我知道的,虽然我是知道的,闷油瓶这一身功夫被人从小抓起,练出来不容易,要是突然半途而废,想要再次练回去肯定也要花不少时间和功夫,但是此刻我真的好想问问,他是否会感觉自己停留在哪个时间点?他是不是也在害怕着什么?
从良的这几年里,我时常会因为生活中的一些场景与过去的十年重叠而有些恍惚,甚至直接陷入,认为自己的任务还没有完成,正在前往下一个目的地的路上,高度紧张下一秒就会涌回我的脑海。我很害怕,我很害怕这一切都是假的,我很害怕,我很害怕此刻在我面前的不过是高度吸食蛇毒而带出来的幻想
还没,结束……
“吴邪!”他抓住我的手把我拉回了神,换成了担忧看着我,“我在这”
我刚刚说出口了吗……不经意间就?沙海计划给我的冲击太深,直到现在我也无法承认自己已经摆脱了它
闷油瓶也会害怕吗?他该害怕的吧。那十年他无法掌握任何上面事,对他而言就是顺着走,出来之后的外面是什么样的,发生了哪些改变,他不知道。十年,熟悉的小路会长出新的灌木,老旧的楼房会得到翻新,也会让一个熟悉的人变得陌生。这个世界上的事物变化是很快的,有接触还好,你可以看着它一点一点改变,经历它变化的过程,不接触则是陌生,一出来什么都变了,应该是会感受到孤独的。我不知道他曾经是否也在那门后呆过一个或几个这样的十年,如果呆过,我想这太残忍了
相比于刚结束的那几年,现在的我已经恢复了很多了,是在闷油瓶,也是在大家的帮助下重新变回了那块玉石。那他呢?他从来都不说自己的想法,也看不出什么特别的情绪,要是今天的我笨拙到还没意识到什么的话,他会一直瞒下去吗?就这样小心翼翼地确定眼前的一切?
“你会害怕我的死亡吗?”我小心翼翼地问他
他怔住了,然后慢慢地说出了那句,我害怕。手里依旧抓着我,只是稍稍上了些力气。
手指插进发间,一路向下顺着他的黑发,最后停在脸庞,我很少这么干,大多时候我应该是被摸的那个。他也没歇着,自己附上我的手,往深处埋了埋,最后落下了一个吻
不知道为什么,看着这一幕就有点安心,嘴角不自觉地勾了勾,心里的那块石头也沉了下去。对于张家人来说,一百多岁的年纪相当于正常人的哪个时期呢?有如此这般不安的情绪,应该不会太大,这算不算是我在慢慢赶上他呢?

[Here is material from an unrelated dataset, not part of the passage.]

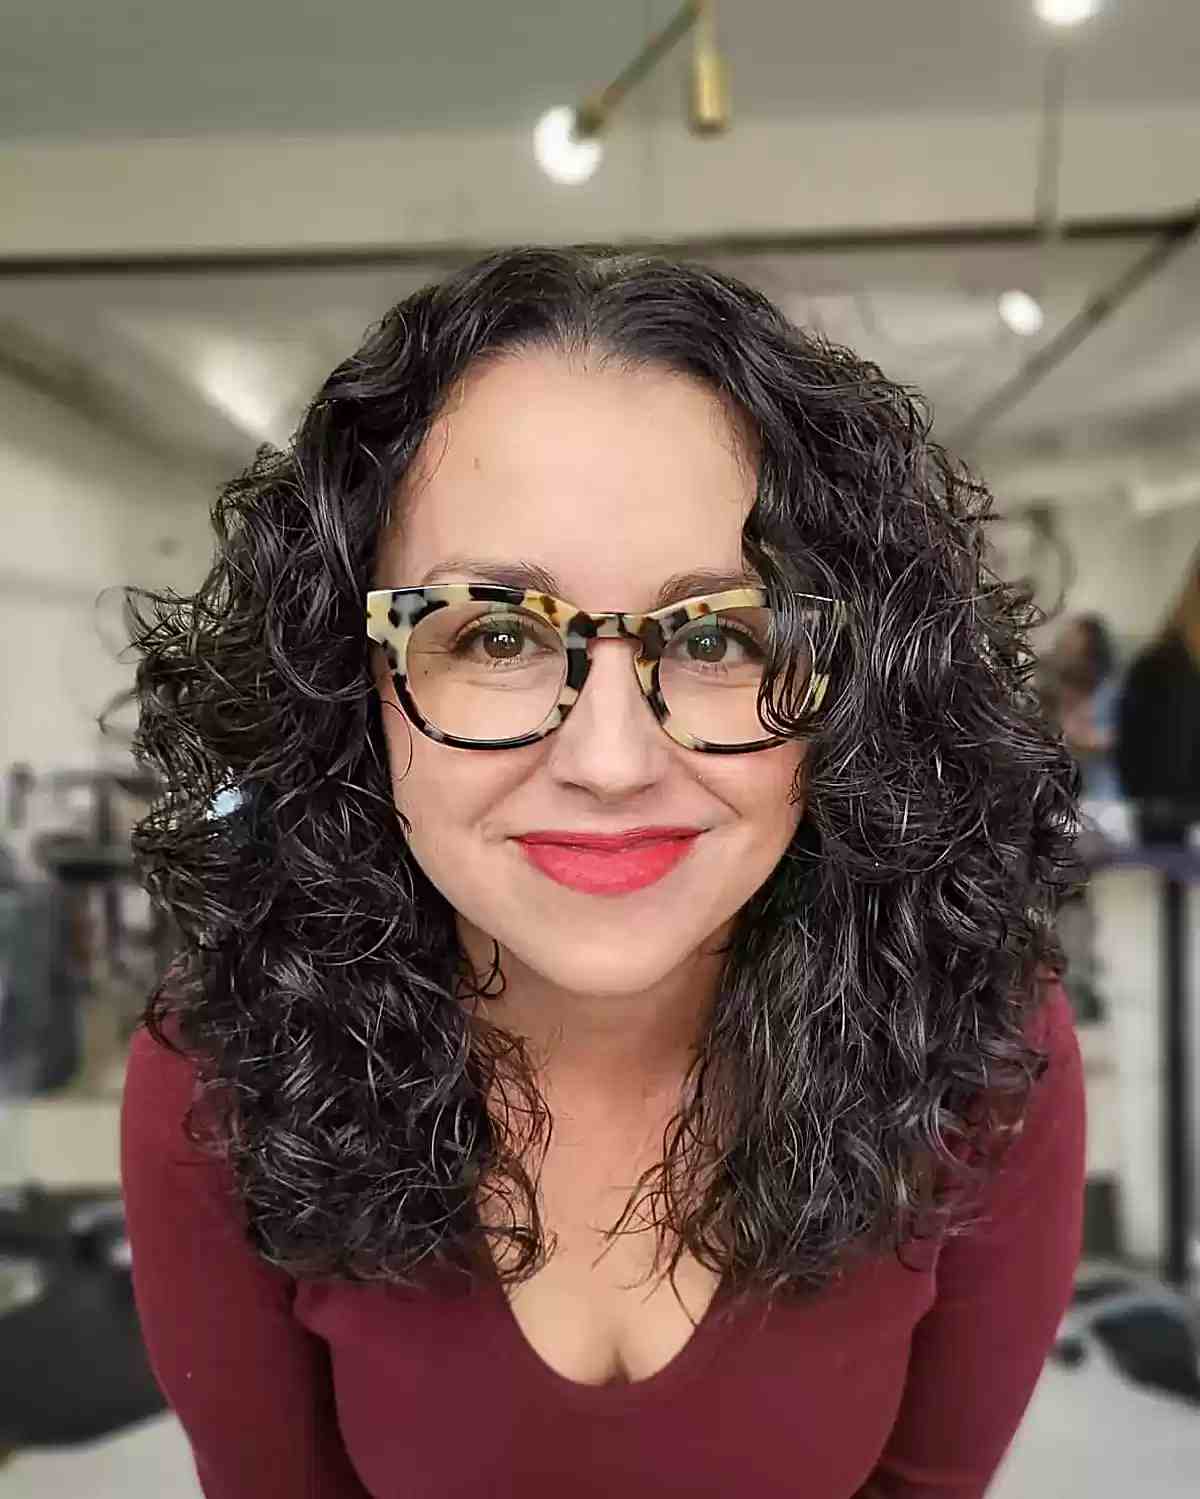 Medium-Length Type 3 Curly Shag for Older women with salt and pepper hair with glasses

他的嘴唇离开我的手心,看向了我手上的那些伤疤。我想过要遮住不让他知道的,但毕竟生活在一个屋檐下,总会有暴露的那天,某天他也肯定会自己发现。第一次向他坦白的时候,他什么都没说,只是看着这些疤沉默了好久,连胖子都看不下去了,把他拉到一边做心理辅导。
此刻他拉起我的手,开始亲手臂内侧的那些伤疤,足足十七道,他亲了十七下
松开我后,我直接卸力倒回了床上,知道他这时肯定没动静,我开始闹小脾气,侧了侧头,说脖子上这道还没亲。我就听见他轻笑,然后感觉到他撑着床沿俯下身来,落吻在颈上,气息吐出时有阵痒痒的感觉。
该做的事做完了,翻身勾上他的肩把他拉倒在床上。
“突然又想睡觉了,陪我?”
“嗯”
“就这样睡到中午,等胖子来叫我们吧”
我很快就陷入了熟睡。像他这样的人,在青铜门里的那十年,也一定能感受到上面在发生着什么变化吧?在那十年里,你又在想些什么呢?可以告诉我吗?